Alexandre. Cinqüenta léguas em redor, de vante a ré, todo o bichinho dará notícia das minhas estrepolias. A

história da onça, a do bode, o estribo de prata, este olho torto, que ficou muitas horas espetado num espinho, roído pelas formigas, circulam como dinheiro de cobre, tudo

exagerado. É o que me aborrece, não gosto de exageros. Quero que digam só o que eu fiz. Esse negócio da canoa

entrou num folheto e hoje se canta na viola, mas com tantos acréscimos que, francamente, não me responsabilizo pelo que escreveram. Exatamente o que sucedeu com o

marquesão. Lembram-se? Dr. Silva pegou o marquesão de jaqueira e fez dele o que entendeu, encheu a casa de cortiços.

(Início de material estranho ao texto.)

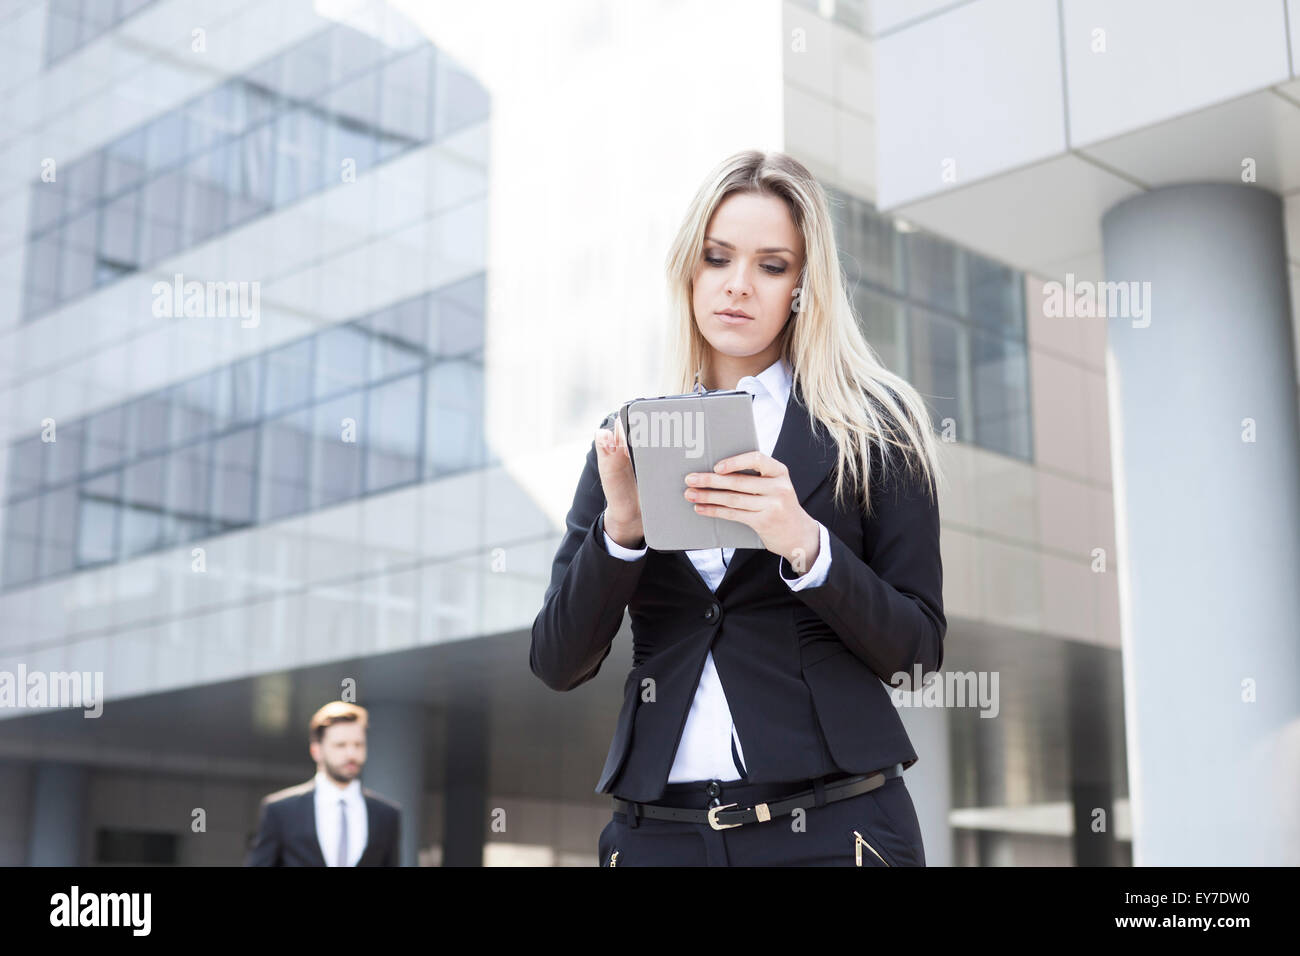 Business woman using digital tablet outdoors Stock Photo

Não era o meu marquesão, que só deu quatro pés de jaca. O caso da canoa também foi muito aumentado. É

bom prevenir. Se vossemecês ouvirem falar nele em cantoria, fiquem sabendo que as nove-horas são astúcias do poeta. O acontecido foi coisa muito curta, que eu podia

embrulhar num instante. E se converso demais, é porque a gente precisa matar tempo, não sapecar tudo logo

de uma vez. Se não fosse assim, a história perdia a graça. Por isso espichei diante dos amigos a cidade grande, os teatros, os bondes, os ovos e a roupa nova, o corte de pano

fino e o frasco de cheiro que ofereci a Cesária. Ela vestiu o pano fino e botou o frasco de cheiro no lenço, mas

isto não adianta. Sem cheiro e sem pano, a história da canoa seria a mesma, um pouco mais encolhida. Bem, como disse aos amigos, demorei na Bahia, com desejo

de arranjar-me por lá. Quando vi que a intenção era besteira, decidi voltar para casa, amansar brabo, arrematar

caixas de segredo em leilão e animar o cordão azul e o cordão vermelho, no pastoril, que foi para isto que nasci. Sim senhores. Selei o cavalo e atirei-me para o norte.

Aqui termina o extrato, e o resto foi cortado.